При такой постановке вопроса «выплывает» еще одно обстоятельство, побуждавшее российское правительство закладывать в бюджет предкризисного 2007 г. превышение его доходной части над расходной (т.е. бюджетный профицит) в более чем 1,5 трлн руб. В этом проявлялись его нежелание вновь оказаться в долго­вой ловушке и стремление любой ценой (даже с риском возобновления фазы рецессии) стабилизировать динамику внешнего долга страны. При этом раздувание Стабилизационного фонда и регулярные выплаты из него внешней задолженности Российской Федерации фактически преследовали цель убедить зарубежных кредиторов в способности властей выполнять свои международные долговые обязательства. Однако спокойствие членов Парижского и Лондонского клубов – излишне высокая плата за вывод из отечественной экономики столь масштабных средств. Рост соци­альной напряженности, массовый отток специалистов за границу, нежелание молодежи идти в науку, работать в школах или сфере здравоохранения, трудиться по низкооплачиваемым техническим спе­ци­альностям и многие другие последствия предельной скупости государства делали относительную финансовую стабильность в рос­сийском обществе крайне неустойчивой. Ведь замораживание значительной части бюджетных доходов в Стабилизационном фонде РФ не могло не оказывать негативного воздействия на динамику национального продукта (рассматриваемого в качестве налогооблагаемой базы). И наоборот, если бы подобного недо­финансирования экономики и социальной сферы не случилось (а его масштабы оказались равными на 27,05%, в 2005 г. – 45,92%, ведь именно таким оказалось в эти годы соотношение бюджетного профицита и расходов федерального бюджета), то даже при отсутствии мультипликативного эффекта дополнительные траты могли бы привести – при условии ограничения государственных закупок отечественными товарами и услугами и решительной борьбы с хищением бюджетных средств – к удвоению темпов роста реального ВВП. В случае создания предпосылок для действия мультипликатора государственных расходов результативность подобных действий оказалась бы еще более высокой – в сочетании с мощным антиинфляционным эффектом (из-за заполнения прилавков отечественной продукцией) данной политики.
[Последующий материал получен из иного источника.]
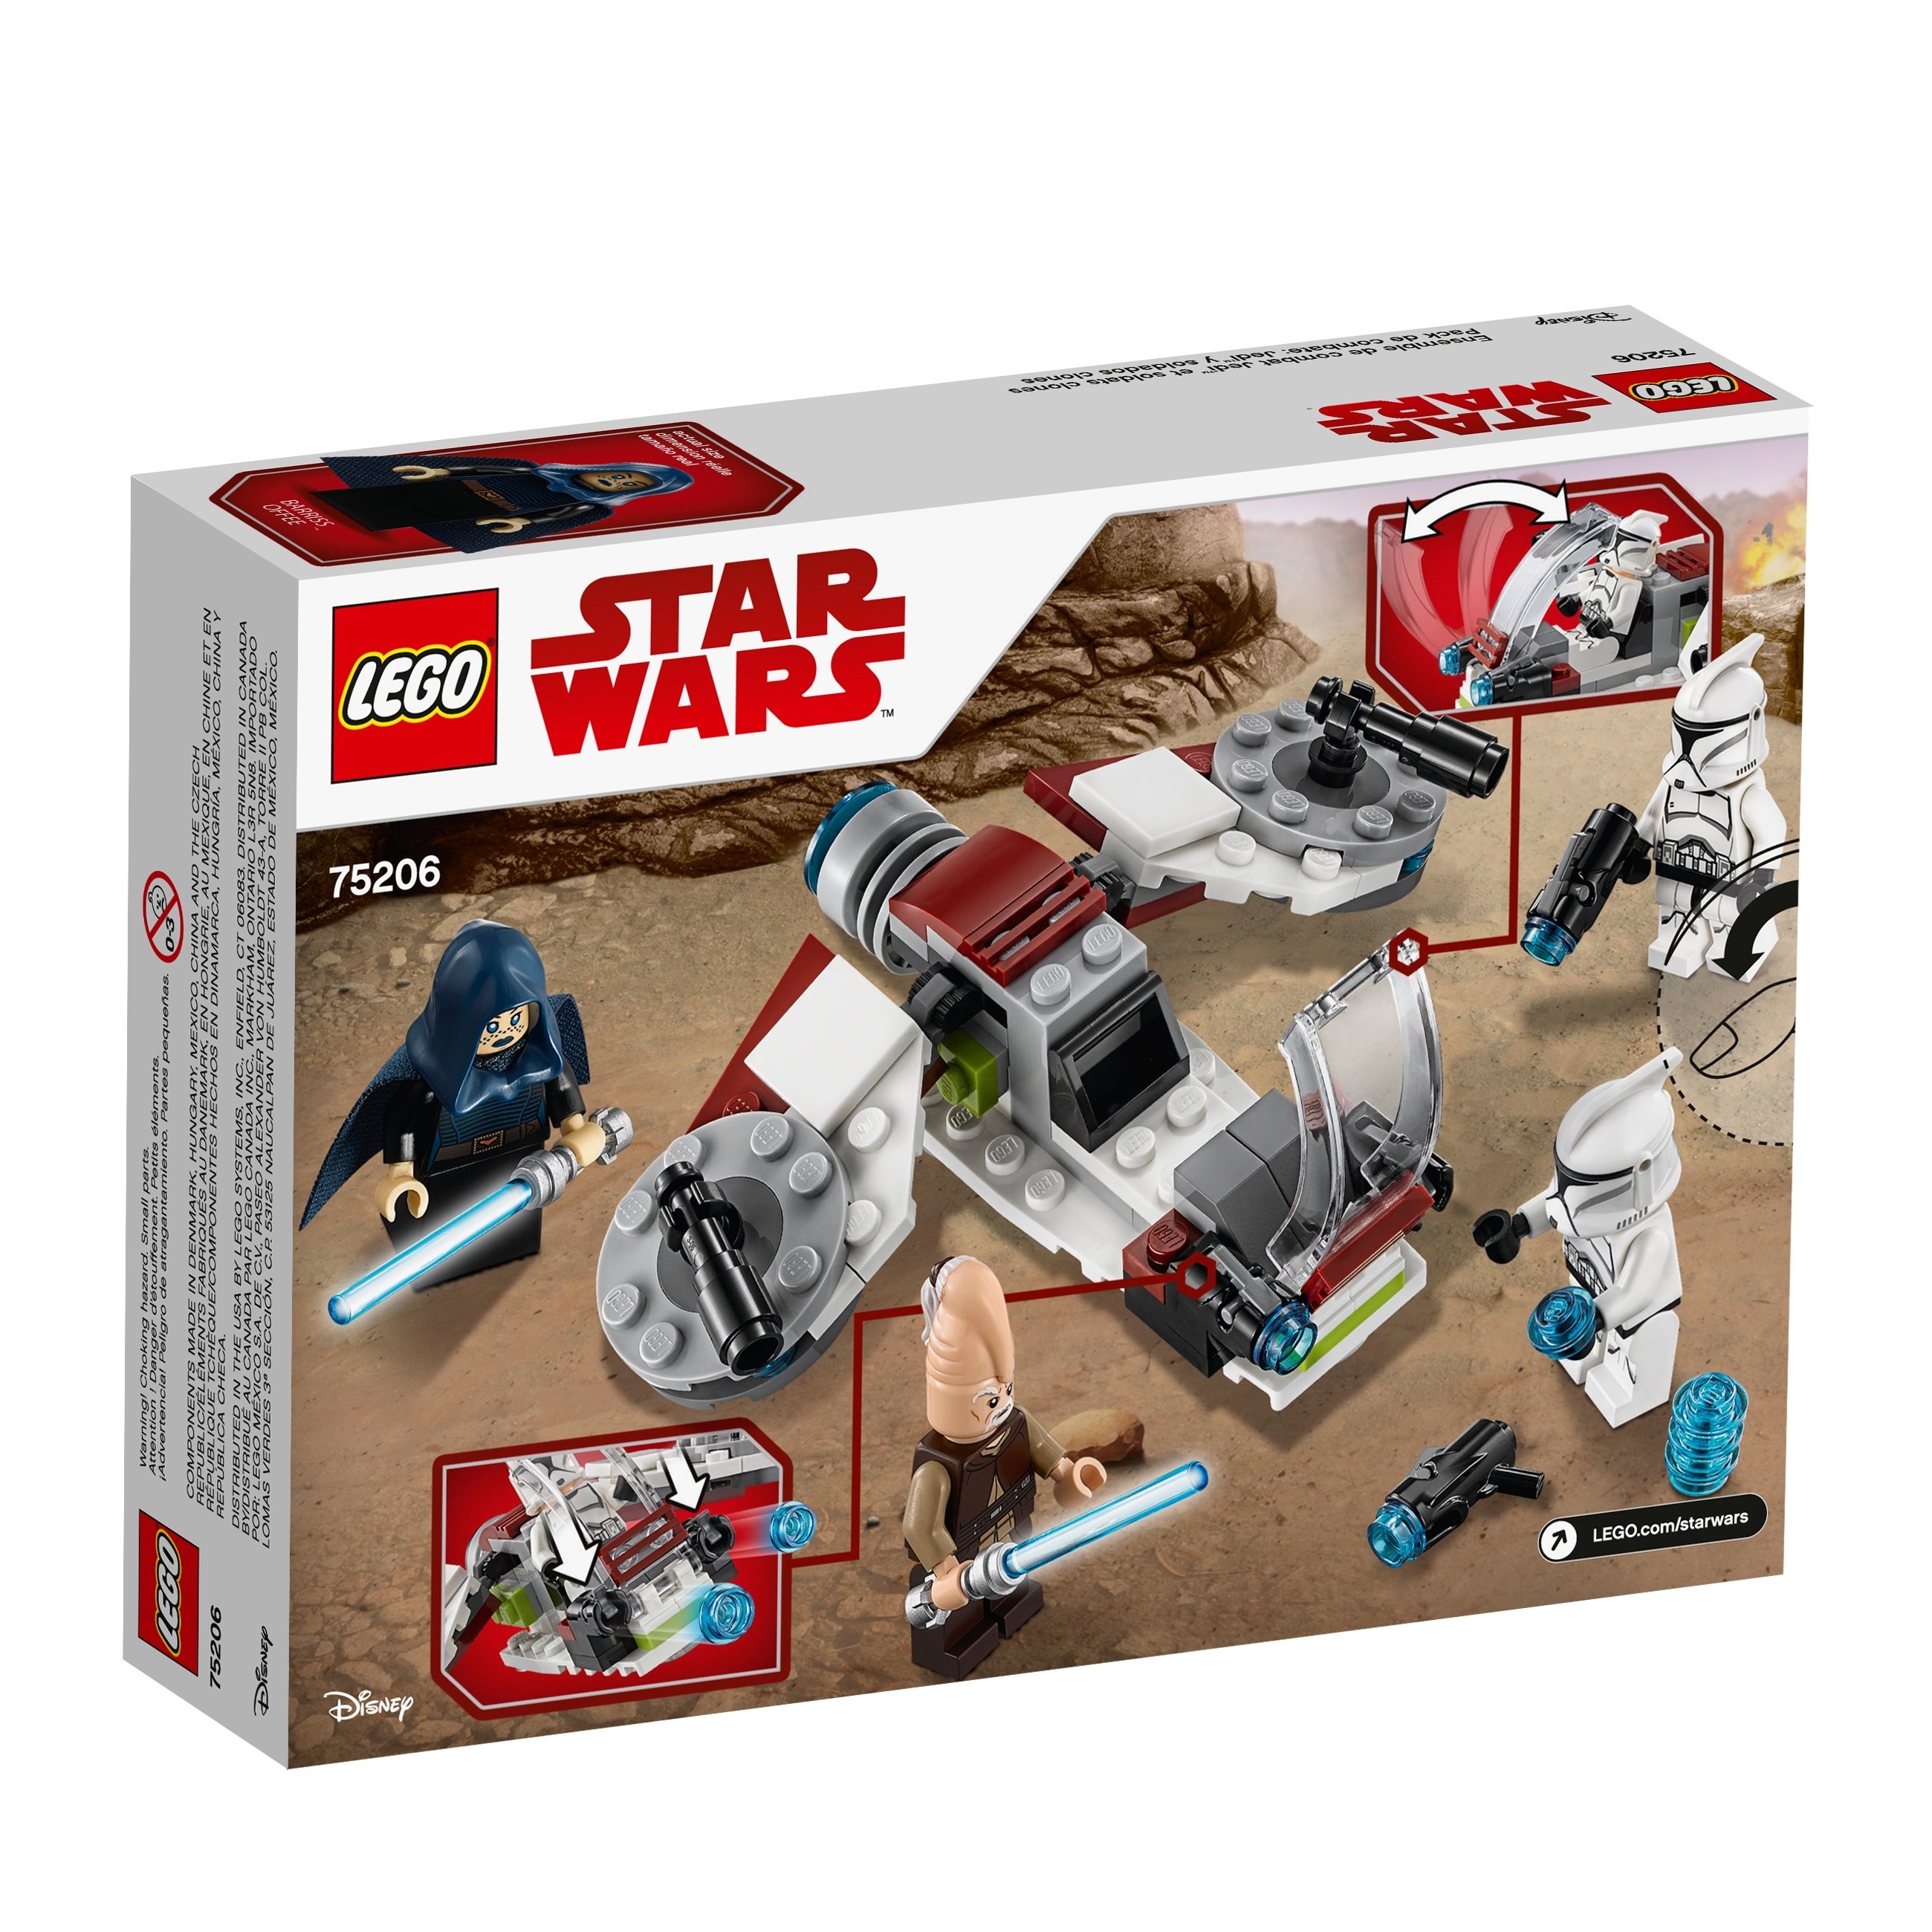 LEGO STAR WARS 75206 Jedi and Clone Troopers Battle Pack NISB *RETIRED* NIB

Сконструированная российскими властями «подушка безопасности» как инструмент обеспечения финансовой безопасности России не должна и дальше раздуваться исключительно за счет новых поступлений от преимущественно сырьевого экспорта: необходимо извлечение новых доходов из уже накопленных финансовых ресурсов. И уж тем более недопустимы предоставление нерезидентам права использования включенных в ее структуру средств, их выведение за пределы нашей страны. Эти масштабные ресурсы должны обрести возможность расширенного воспроизводства путем направления их дозированной части с разбивкой во времени на цели инвестиционного и социального развития российского общества. А раз так, то, подобно «Пакту о стабильности и росте» для Евросоюза, ограничивающего верхнюю плану бюджетного дефицита во входящих в него странах уровнем в 3% ВВП, в России целесообразно установить верхний предел и профицита бюджета во избежание недофинансирования отечественной экономики и тем самым торможения ее возможного сегодня роста. Тот факт, что по итогам 2008 г. профицит российского федерального бюджета оказался около 3 трлн руб., и его сверхплановая доходная часть превысила 7% ВВП, едва ли может расцениваться безусловно позитивно. Скорее данное обстоятельство следует воспринимать как дальнейшее усиление разрыва между финансовым и реальным секторами национальной экономики, приводящего последний в поистине плачевное состояние, а также продолжающегося недофинансирования социальной сферы.